A GLOBAL chemicals giant has been accused of bypassing local democracy and using “bully-boy tactics” to push through controversial fracking applications in South Yorkshire and North Derbyshire.
Earlier this year Ineos lodged plans to drill exploratory wells for shale gas around Harthill, in Rotherham, and at a site near Eckington, North Derbyshire, to strong opposition from local anti-fracking campaigners, conservation bodies, and local politicians.
Both Rotherham Council and Derbyshire County Council were due to make decisions on the applications after receiving thousands of comments from the public - but decisions could now be made on a national level after Ineos asked the Government to intervene.

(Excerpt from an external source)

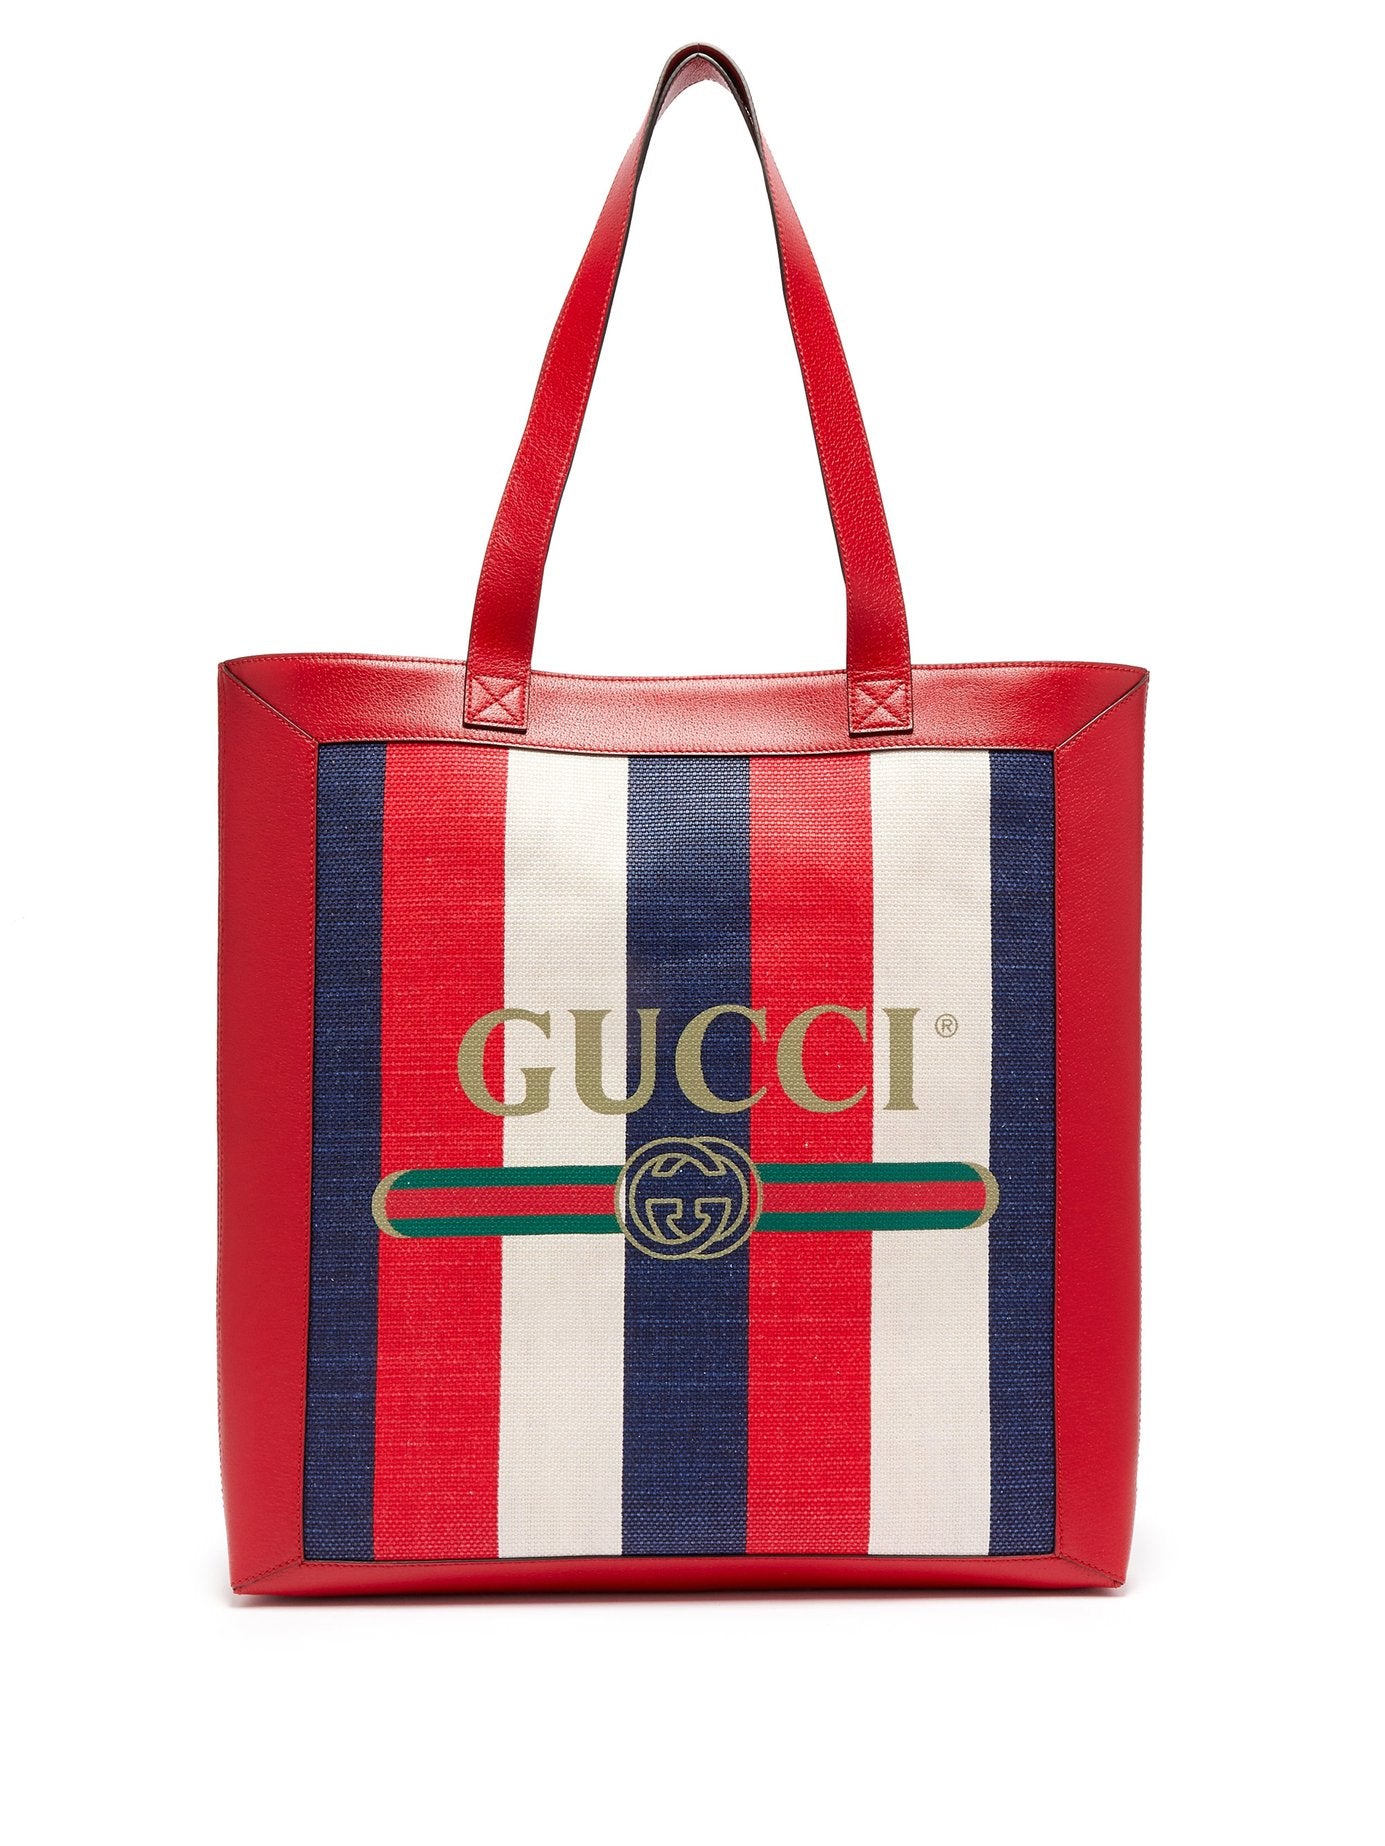 Gucci Striped Large Tote Bag Red, Blue And White – The Luxury Shopper

Operations director at INEOS Shale, Tom Pickering, said the decision had “not been taken lightly” but it had been left “without an option” due to “unreasonable delays” by the councils that meant the statutory period for determining the applications had long finished.
“Whilst our consultation process has always prioritised local people, we cannot wait indefinitely for these local decisions,” he said. “We are also disappointed that a strong shale presence in the region has not been more welcomed given the recent manufacturing decline in the region as a result of energy costs, including the almost closure of Liberty Steel.”
The Campaign to Protect Rural England (CPRE) and Friends of the Earth have condemned the move. Daniel Carey-Dawes, senior infrastructure campaigner at CPRE, said the councils had needed time to “fully evaluate” the impacts of the work.
“For Ineos to now bypass that process is both unfair and unreasonable,” he said. “This disregard for local democracy is unacceptable”.
Regional campaigner for Friends of the Earth, Simon Bowens, said the groups were committed to helping the communities fight fracking
He added: “We’ll be working closely to ensure strong arguments are put to the forthcoming planning inquiries so that Ineos’ bully-boy tactics don’t succeed.”
Rother Valley Labour MP Sir Kevin Barron, whose constituency includes Harthill, said it was “completely unacceptable” that Ineos’s “plan to bypass local democracy by asking the Government to refer the plans to the planning inspectorate.
He said: “Ineos cannot be allowed to run roughshod over local communities and I have written to Sajid Javid to urge him to reject the request for this to be sent to the inspectorate. Local democracy must be allowed to take its course whichever way that may be and I made this clear in a meeting with Ineos last week.”
Rotherham Council’s strategic director for regeneration and environment, Damien Wilson said it was “very disappointed and surprised” at the move, as “on-going dialogue” with Ineos included a meeting last week where concerns over timing were not raised. It had planned a special meeting of its planning board in January to hear views.
Derbyshire County Council Leader Coun Barry Lewis said: “INEOS says it prioritises local consultation and is disappointed that the decision will not be taken at local level - and yet it is the very organisation which has pushed to have a local decision taken out of local hands.”
No date has been set for the public inquiries. A DCLG spokesman said it was unable to comment.